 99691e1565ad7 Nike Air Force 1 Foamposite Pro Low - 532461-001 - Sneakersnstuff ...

━━━━━━━━━━

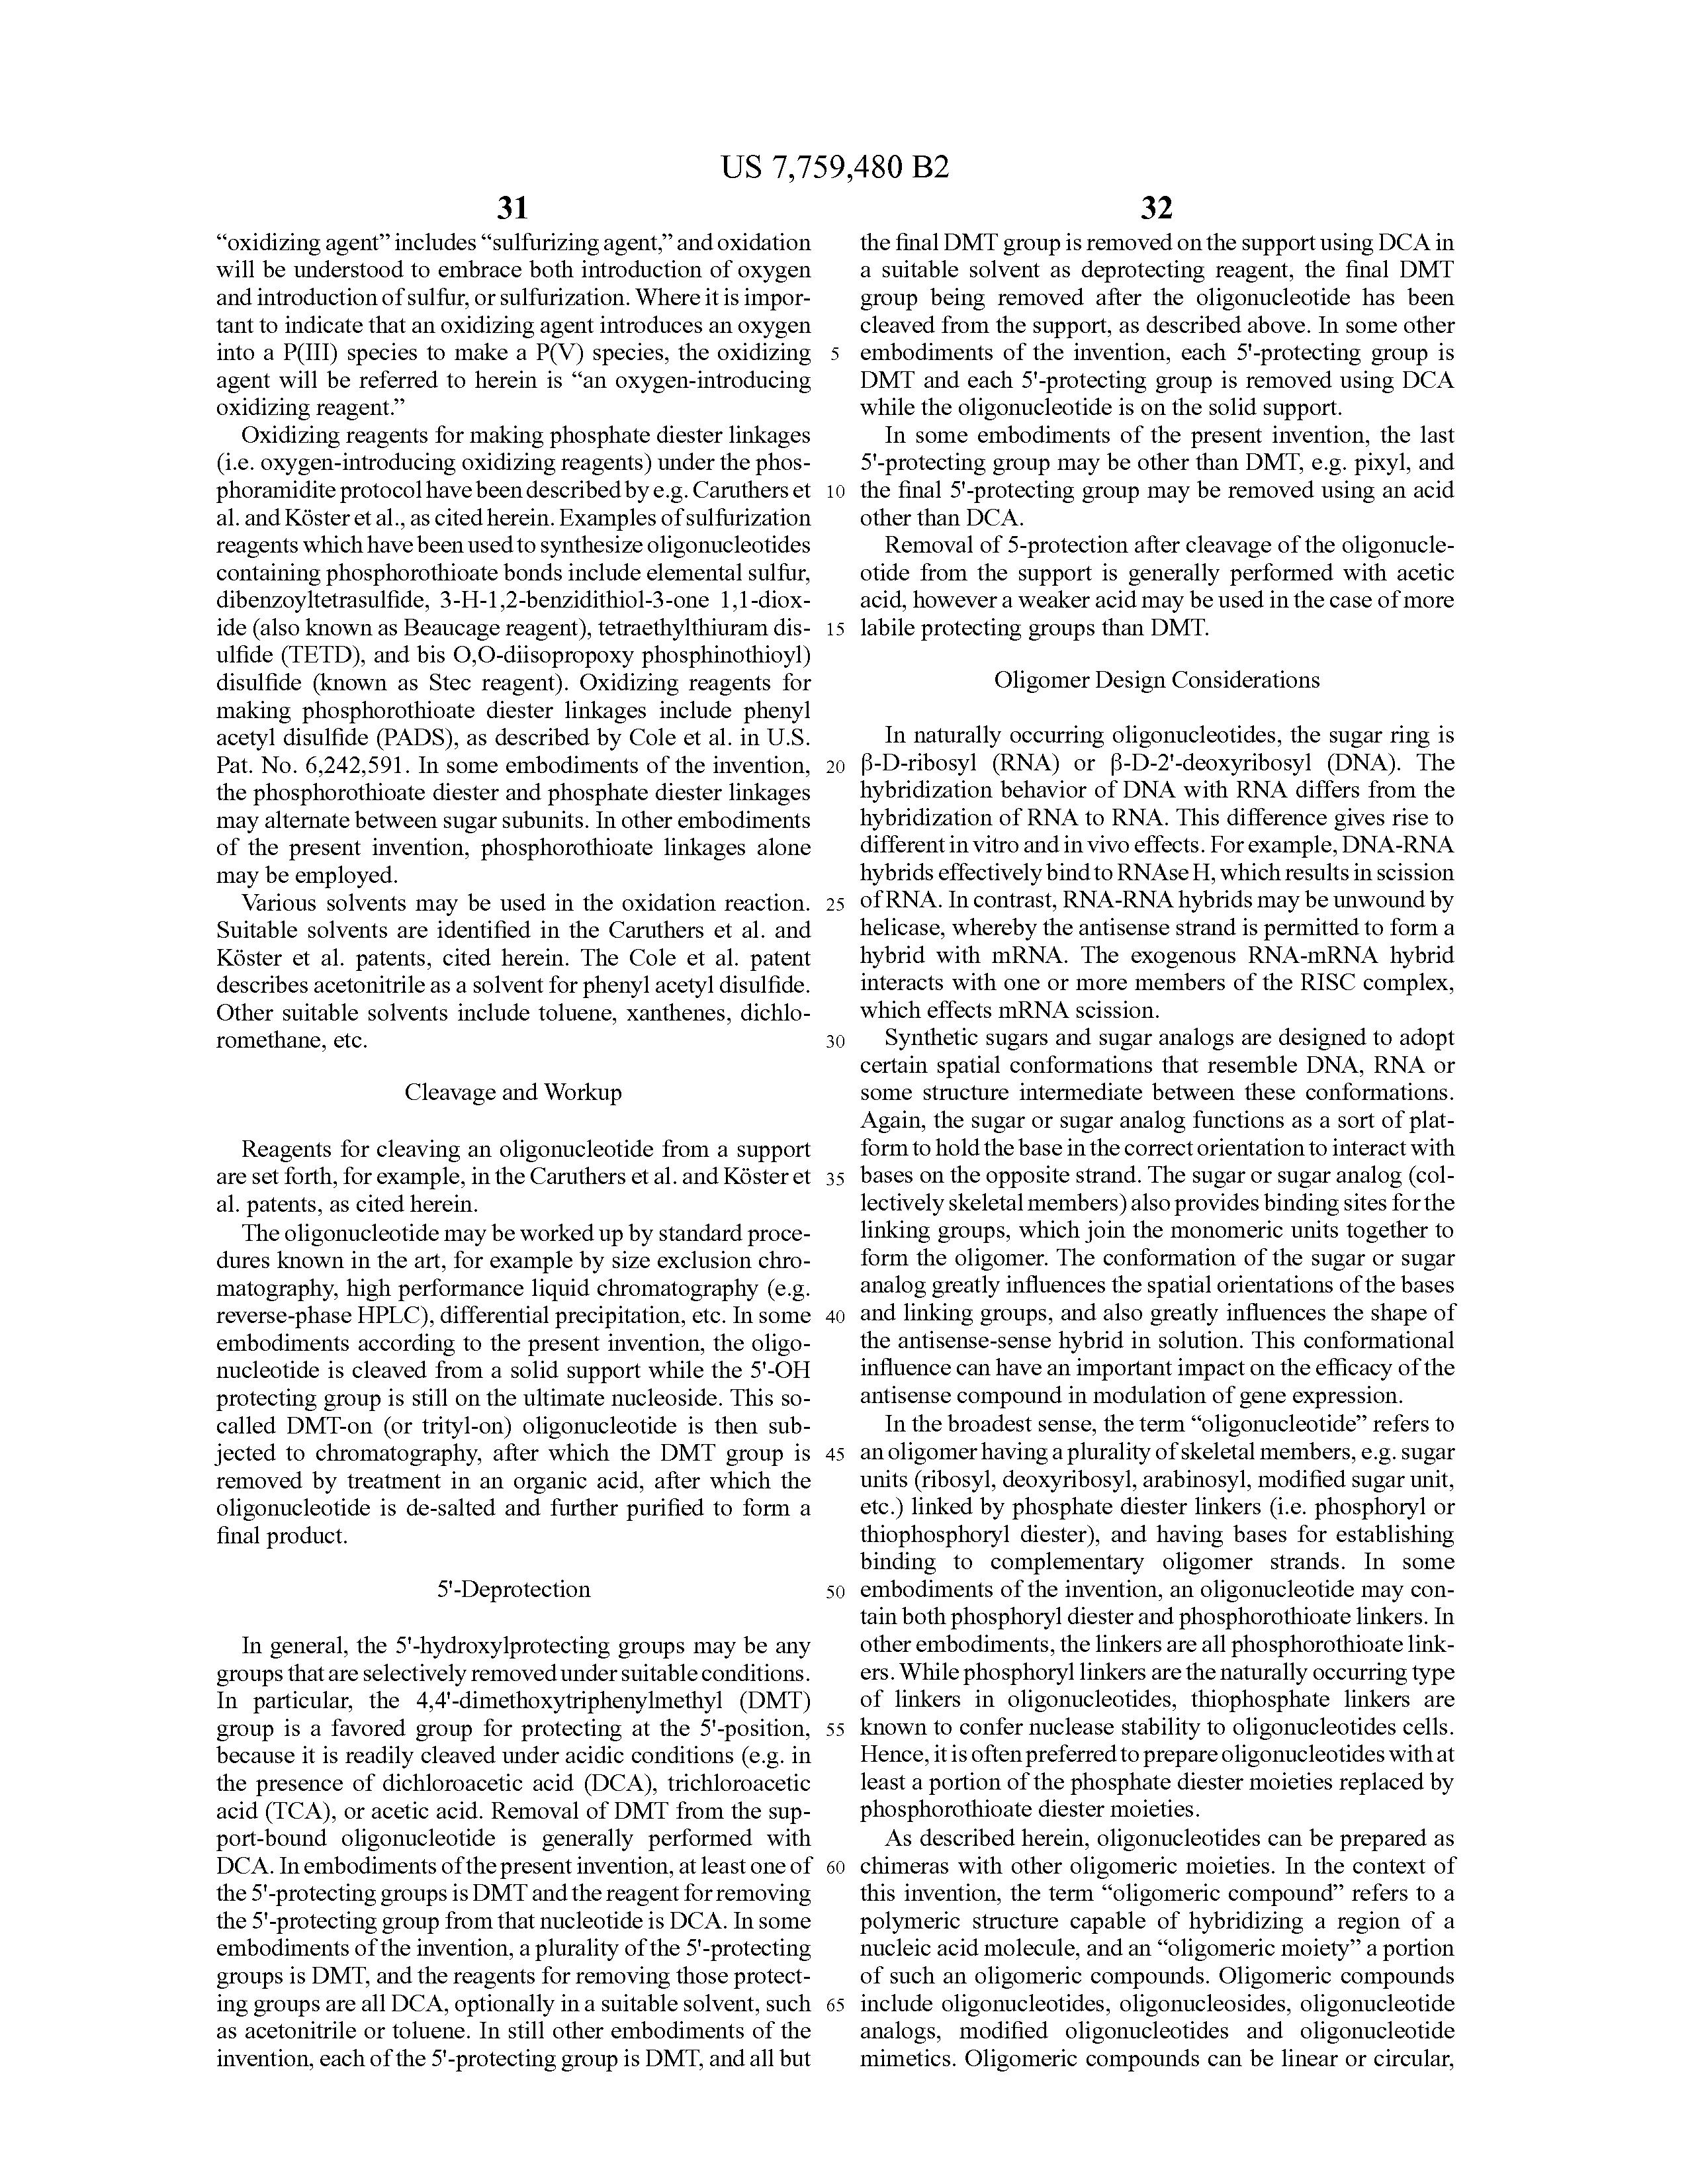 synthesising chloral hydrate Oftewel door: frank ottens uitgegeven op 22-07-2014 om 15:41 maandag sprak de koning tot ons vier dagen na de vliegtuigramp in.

━━━━━━━━━━

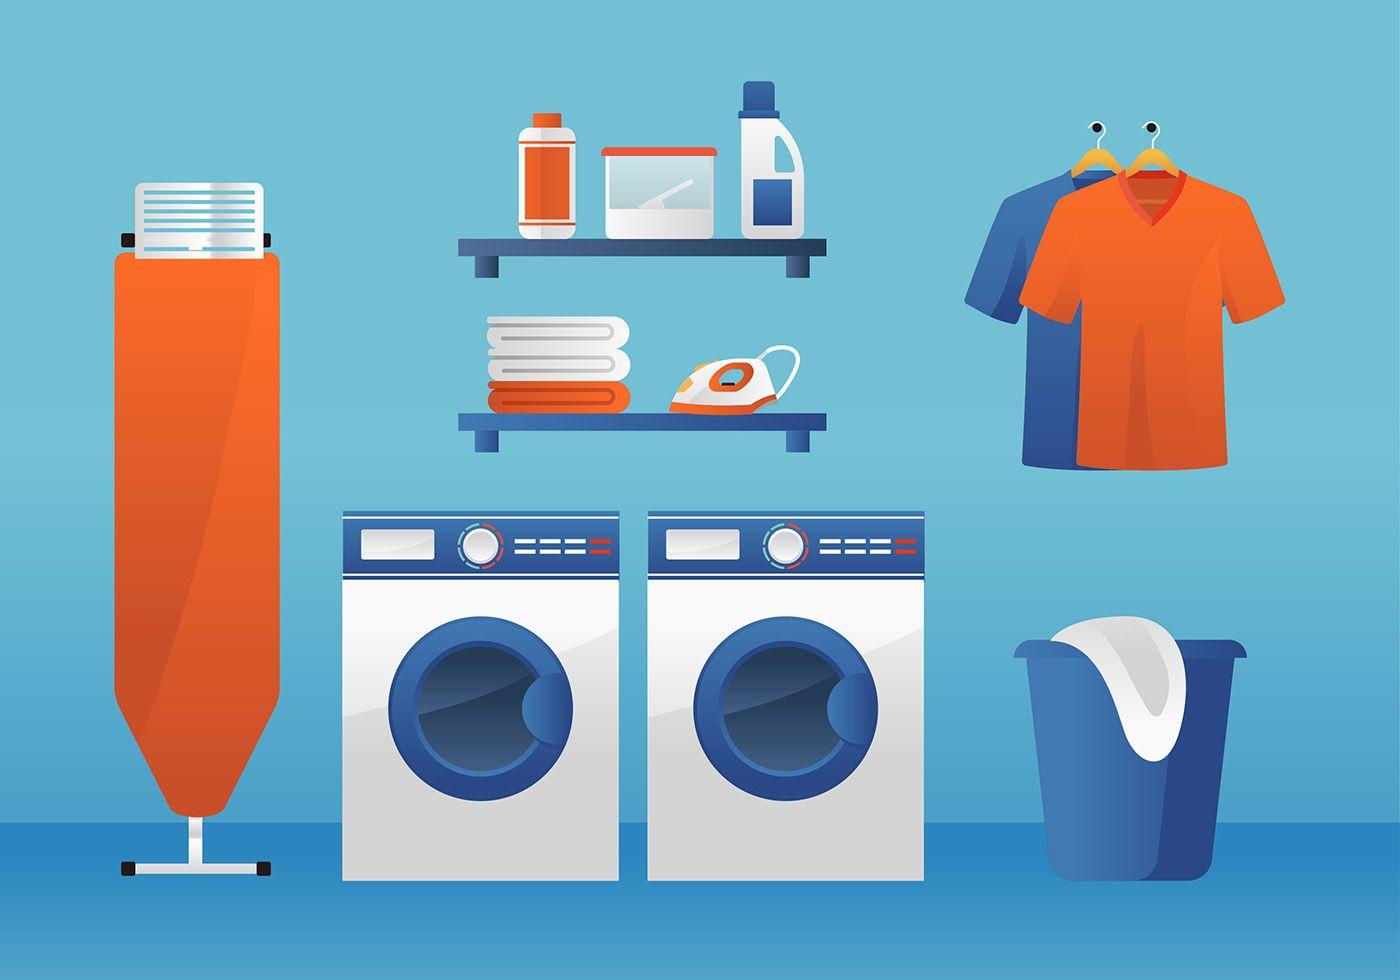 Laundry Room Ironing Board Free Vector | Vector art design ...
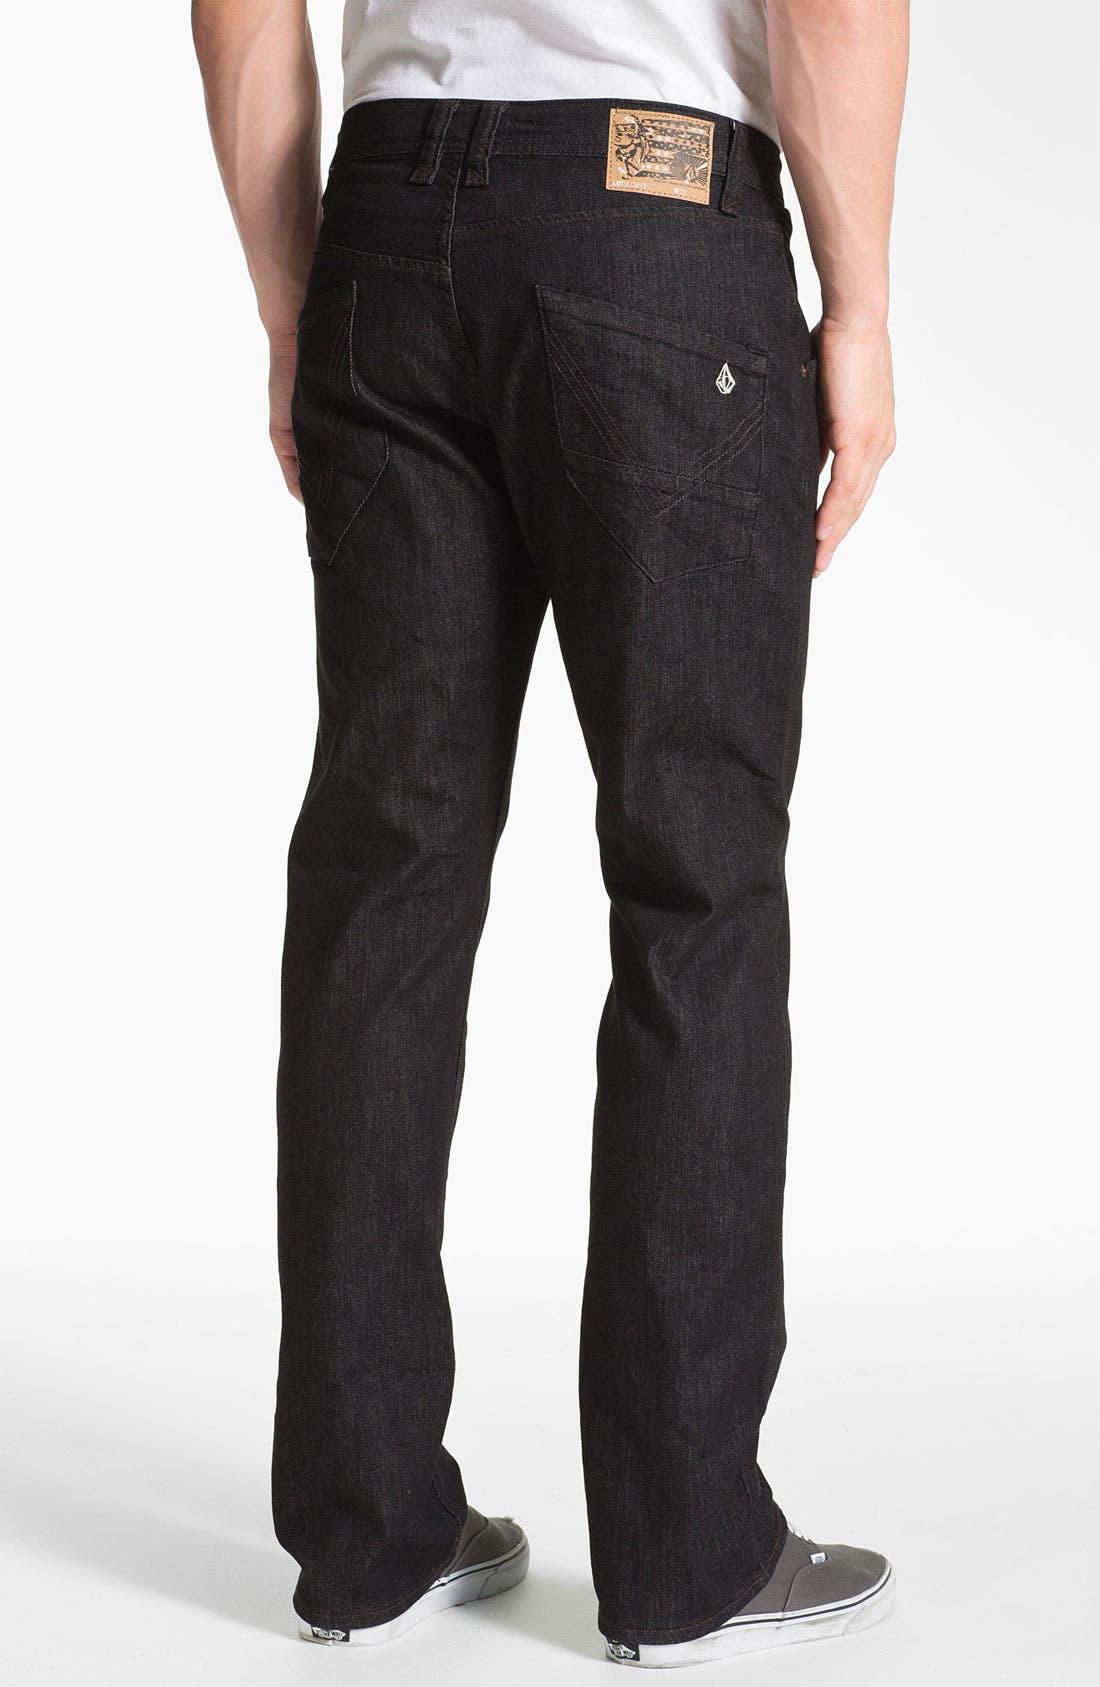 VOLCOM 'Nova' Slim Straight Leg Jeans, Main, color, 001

━━━━━━━━━━

#### What is required
From the material above, give again exactly the lines from the one that contains "Laundry Room Ironing" through the one that contains "VOLCOM 'Nova' Slim", and leave out the pictures.

#### Result of this task
 Laundry Room Ironing Board Free Vector | Vector art design ...
 VOLCOM 'Nova' Slim Straight Leg Jeans, Main, color, 001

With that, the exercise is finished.